When I set the output to stdout, Logtash correctly parses through my log and updates the @timestamp to my logtime field (like below).

{
"request" => "/XXXXX-XXX/vX/logout",
"anothernumber" => "X",
"offset" => XXXXXXX,
"input_type" => "log",
"verb" => "XXX",
"source" => "/XXX/XXX/XXX/awsLogs.log",
"someothernumber" => "X",
"message" => "XXX.XXX.XXX.XXX, XXX.XX.XXXX.XX, XXX.X.XXX.XX - [ auth : no-auth | correlation-id : XXX-XXXX | remote-addr : XX.XXX.XX.XXX | request_method : XXX | request_resource : XXXX | service_name : XXXX-XX ] [02/Jun/2017:16:42:14 +0000] "XXX /XXX-XXX/vX/logout?redirectUrl=https%3A%2F%2Fapp.hubspot.com%2Flogin&loggedout=true HTTP/1.0" 307 0 0 0",
"type" => "log",
"IPs" => "XX.XXX.XX.XXX, XXX.XX.XXX.XX, XXX.X.XXX.XX",
"tags" => [
[0] "beats_input_codec_plain_applied"
],
"@timestamp" => 2017-06-02T16:42:14.000Z,
...
"host" => "ip-XX-XXX-XXX-XX",
"httpversion" => "X.X",
"logtime" => "02/Jun/2017:16:42:14 +0000"
}

However, when I make the output go to my Elasticsearch (uncomment the line in my configuration file), my log message loses a particular field, the key-value pairs are not parsed, and Kibana displays that there has been a "_grokparsefailure".

Please let me know if anyone has any resolution to this issue!

If we can't see the text that fails the grok filter I don't see how we could help.

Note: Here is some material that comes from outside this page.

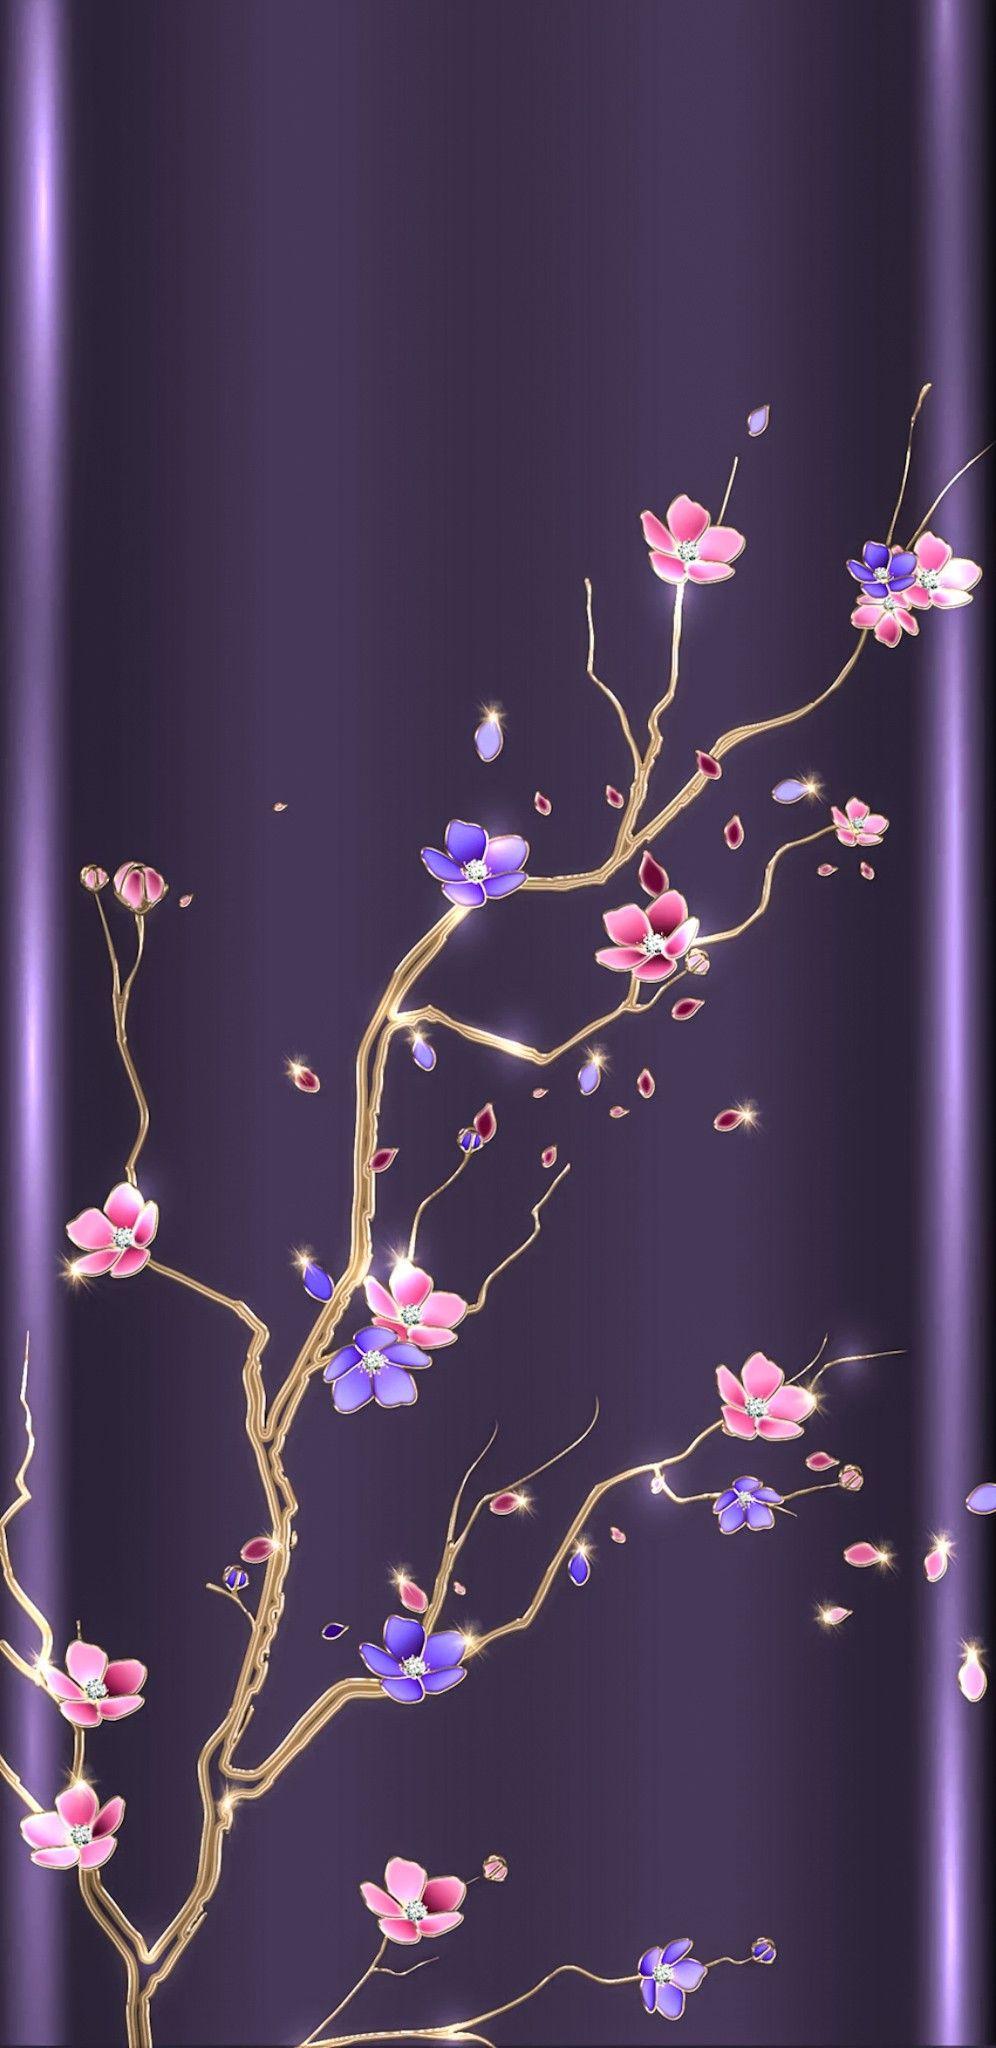 Wallpaper Lockscreen Iphone Android Flower Wallpaper Floral Wallpaper Pretty Wallpapers

The fact that the grok filter succeeds for a different string isn't very relevant.

Please format your configuration as preformatted text so backslashes etc aren't mangled.

1 Like

Hey magnusbaeck,

Sorry for the confusion! Here is my Logstash configuration as preformatted text:
input { beats { port => "5043" } } filter { grok { match => ["message", '%{GREEDYDATA:IPs} - \[ %{GREEDYDATA:auth_message} \] \[%{HTTPDATE:logtime}\] \"%{WORD:verb} %{NOTSPACE:request}(?: HTTP/%{NUMBER:httpversion})\" %{NUMBER:response} (?:%{NUMBER:bytes}|-) %{NUMBER:anothernumber} %{NUMBER:someothernumber}'] } date { match => ["logtime", "dd/MMM/yyyy:HH:mm:ss Z"] } kv { source => "auth_message" value_split => ":" } } output { stdout { codec => rubydebug } }

Additionally, here is a sample log line that I am working with:
1.2.3.4, 5.6.7.8 - [ auth : non-auth | auth-level : app | correlation-id : 12312-bd12-41238-8asfd-13rdsfaf | hub-id : 101 | login-id : bshrestha@email.com-596 | remote-addr : 1.2.3.4 | request_method : bypassLogin | request_resource : BypassResource | service_name : Login-mobile | user : true | user-id : 12444212556 ] [02/Jun/2017:16:07:39 +0000] "POST /login/v2/ HTTP/1.0" 401 122 12 12

If I set the output of my logstash configuration file as:
stdout { codec => rubydebug }
Then, the key-value pairs I want are correctly parsed and the Logstash timestamp is updated to the actual log's time. Below is a shortened down version of what I see in stdout:

{
"request" => "/XXXXX-XXX/vX/logout",
"anothernumber" => "X",
"offset" => XXXXXXX,
"input_type" => "log",
"verb" => "XXX",
"source" => "/XXX/XXX/XXX/awsLogs.log",
"someothernumber" => "X",
"message" => "XXX.XXX.XXX.XXX, XXX.XX.XXXX.XX, XXX.X.XXX.XX - [ auth : no-auth | correlation-id : XXX-XXXX | remote-addr : XX.XXX.XX.XXX | request_method : XXX | request_resource : XXXX | service_name : XXXX-XX ] [02/Jun/2017:16:42:14 +0000] "XXX /XXX-XXX/vX/logout?redirectUrl=https%3A%2F%2Fapp.hubspot.com%2Flogin&loggedout=true HTTP/1.0" 307 0 0 0",
"type" => "log",
"IPs" => "XX.XXX.XX.XXX, XXX.XX.XXX.XX, XXX.X.XXX.XX",
"tags" => [
[0] "beats_input_codec_plain_applied"
],
"@timestamp" => 2017-06-02T16:42:14.000Z,
...
"host" => "ip-XX-XXX-XXX-XX",
"httpversion" => "X.X",
"logtime" => "02/Jun/2017:16:42:14 +0000"
}

However, when I make the output of my Logtash to:
elasticsearch { hosts => ["localhost:9200"] }
Then, my key-value pairs are not correctly parsed, a part of my log message is emitted and my timestamp does not update the Logstash's @timestamp (see the screenshot of my Kibana as a reference).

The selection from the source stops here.